Once the 30-day period has passed and you still didn’t come up with a resolution to settle your tax due, the IRS may send Form 668–A(C)DO to your bank. The IRS will require your bank to hold your fund for 21 days, providing you with a last chance to resolve the issue. During this time, you will not have access to your account and you will not be able to withdraw these funds.
If you reach an agreement with the IRS within the 21-day holding period, the IRS will lift the levy placed on your account. If no agreement is reached, the bank must transfer your funds to the IRS.
Note that bank accounts such as checking and savings and even your retirement accounts can be subject to a levy. The IRS can also issue multiple levies to your bank account until your tax liability is fully repaid.
How An IRS Bank Levy Can Affect You
A bank levy can have severe consequences for your financial stability.
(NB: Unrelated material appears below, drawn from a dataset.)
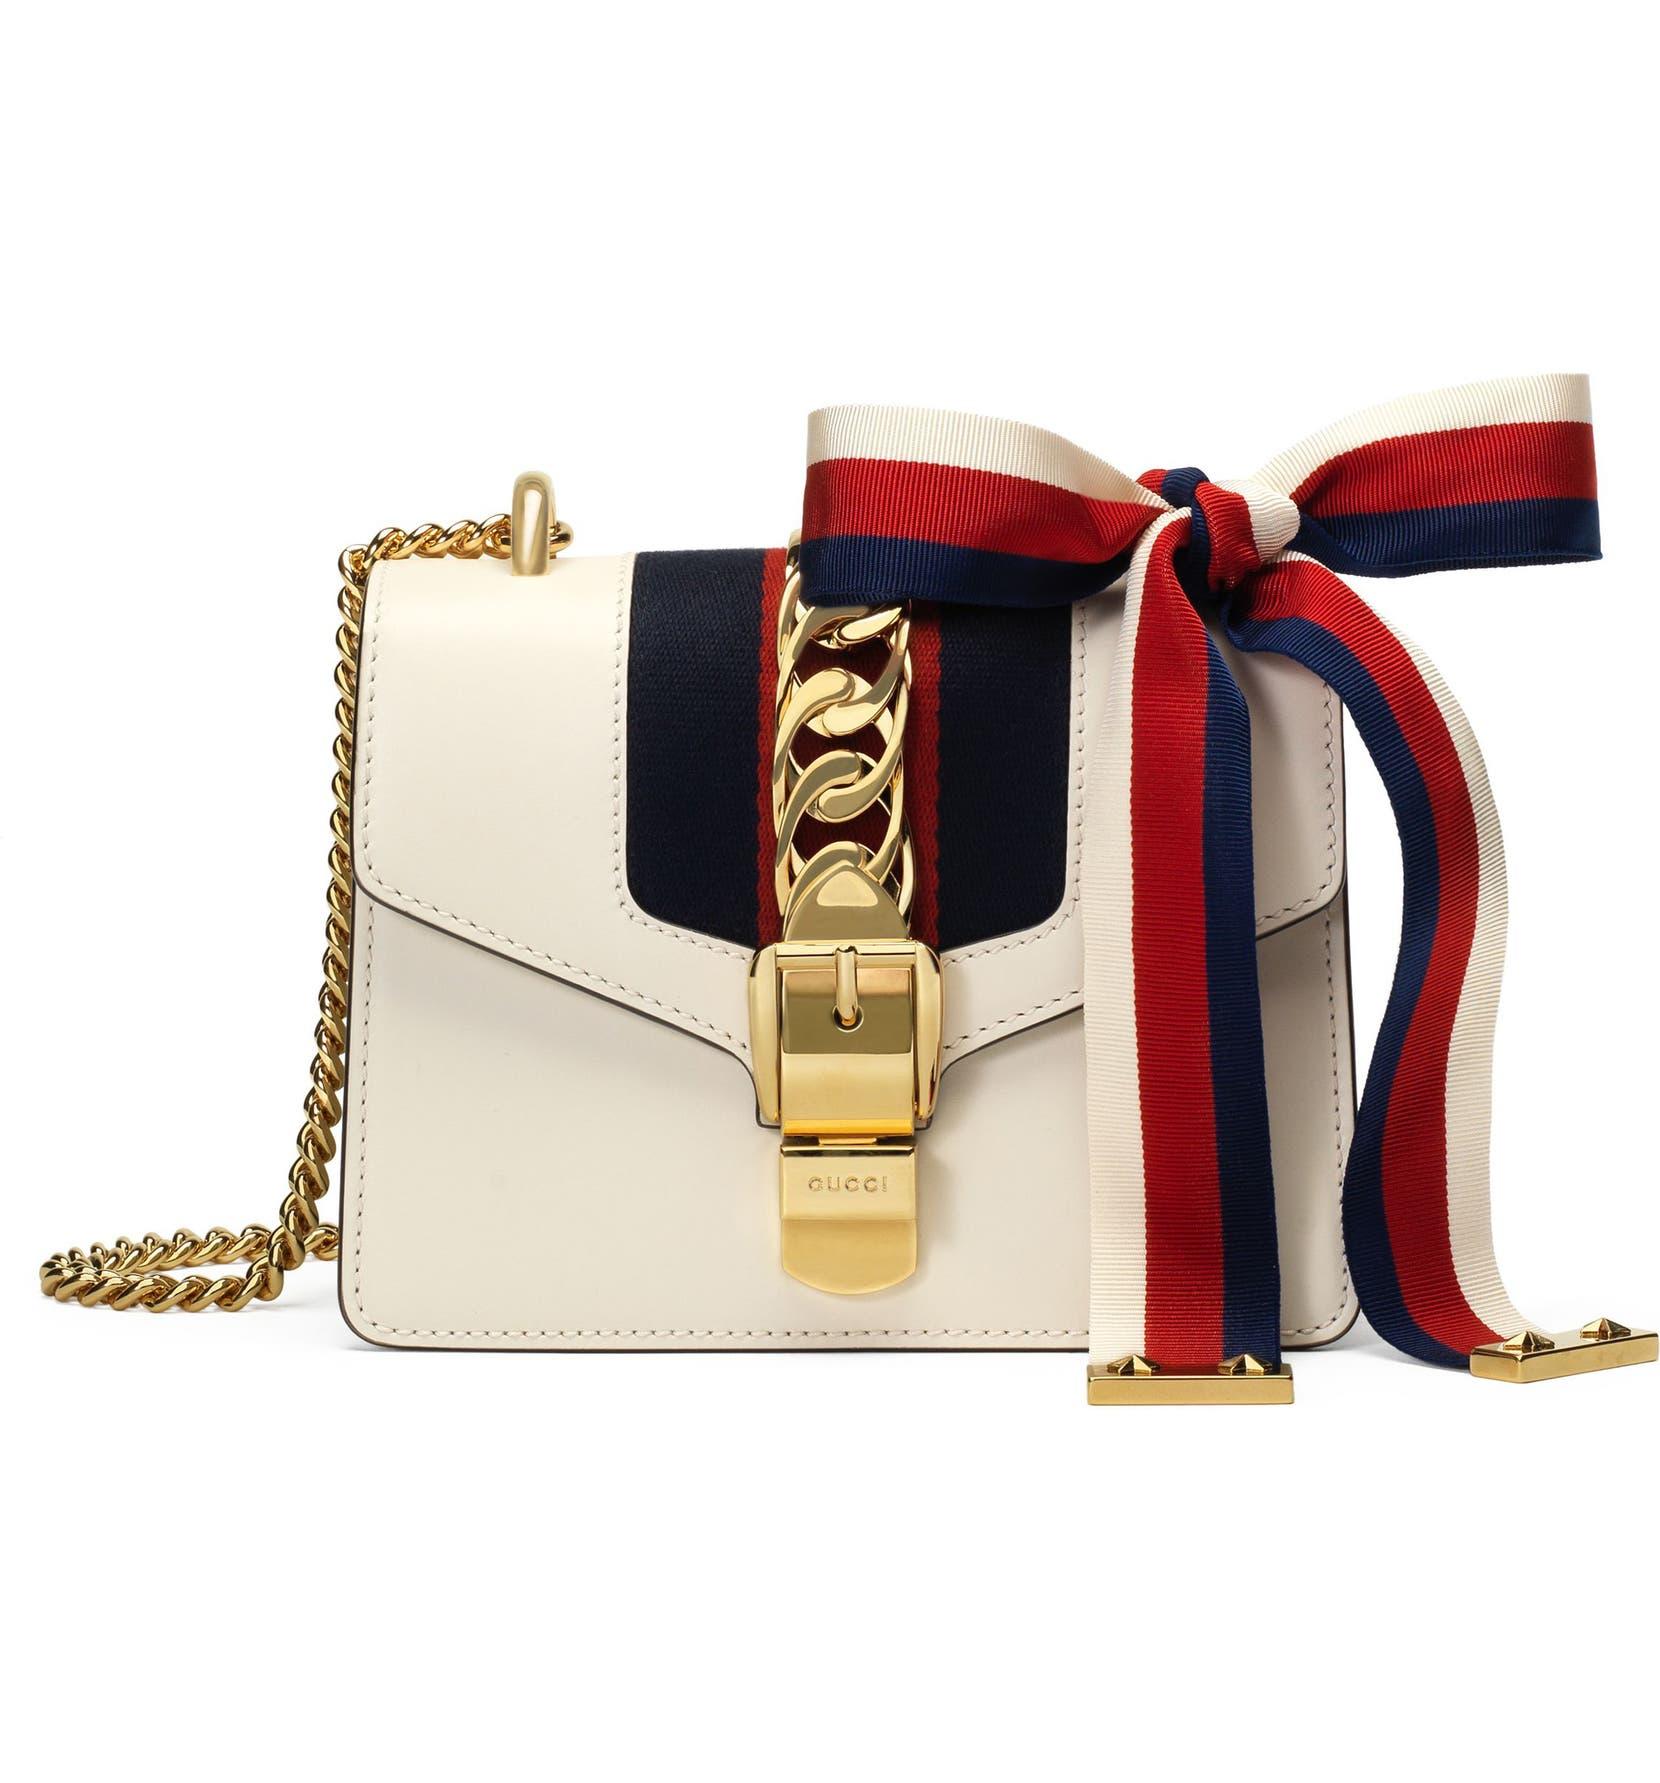 d8a426e08210 Gucci Mini Sylvie Leather Shoulder Bag | Nordstrom

Not only will you lose access to your bank funds, but it may also result in bounced checks and overdraft fees. Additionally, if your account does not have enough funds to cover the outstanding tax debt, the levy can cause financial distress and disrupt your ability to pay essential bills and expenses.
Moreover, the levy may negatively impact your credit score in the long run, making it difficult to secure loans or credit in the future.
Appealing a Bank Account Levy
If you believe that the IRS has made an error or you have valid reasons to challenge the levy, you have the right to appeal the decision. You can request a Collection Due Process (CDP) hearing with the IRS Office of Appeals. During this hearing, you can present your case and provide evidence to support your claim. It’s crucial to act quickly and file for an appeal within the specified time frame to protect your rights.
Releasing a Bank Account Levy
If your bank account has been levied, there are ways to have the levy released. The fastest way is to pay your tax debt in full. However, if you don’t have enough means to pay your entire debt, one option you may consider is to work out a payment arrangement with the IRS, such as an installment agreement, or an offer in compromise. By showing a genuine effort to settle your tax debt, the IRS may lift the levy. Additionally, you can request a hardship exemption if the levy is causing severe financial hardship.
Preventing Future Levies
Preventing a bank account levy requires staying up-to-date with your tax obligations. If you are unable to pay your taxes on time, consider filing for an extension or arranging a payment plan with the IRS. Prompt communication with the IRS about your financial difficulties can prevent them from issuing levies.
Furthermore, seeking professional guidance during challenging times can make a significant difference in resolving your tax issues and ensuring not only the protection of your financial well-being but also your peace of mind.
In summary, an IRS bank account levy can significantly impact your financial stability and cause considerable stress. Understanding how the levy process works, seeking professional help when needed, and staying proactive in your tax compliance can go a long way in safeguarding your finances from potential levies.
Remember, the key to avoiding a bank account levy is to address your tax obligations responsibly, communicate with the IRS in a timely manner, and seek assistance promptly if you encounter challenges in meeting them.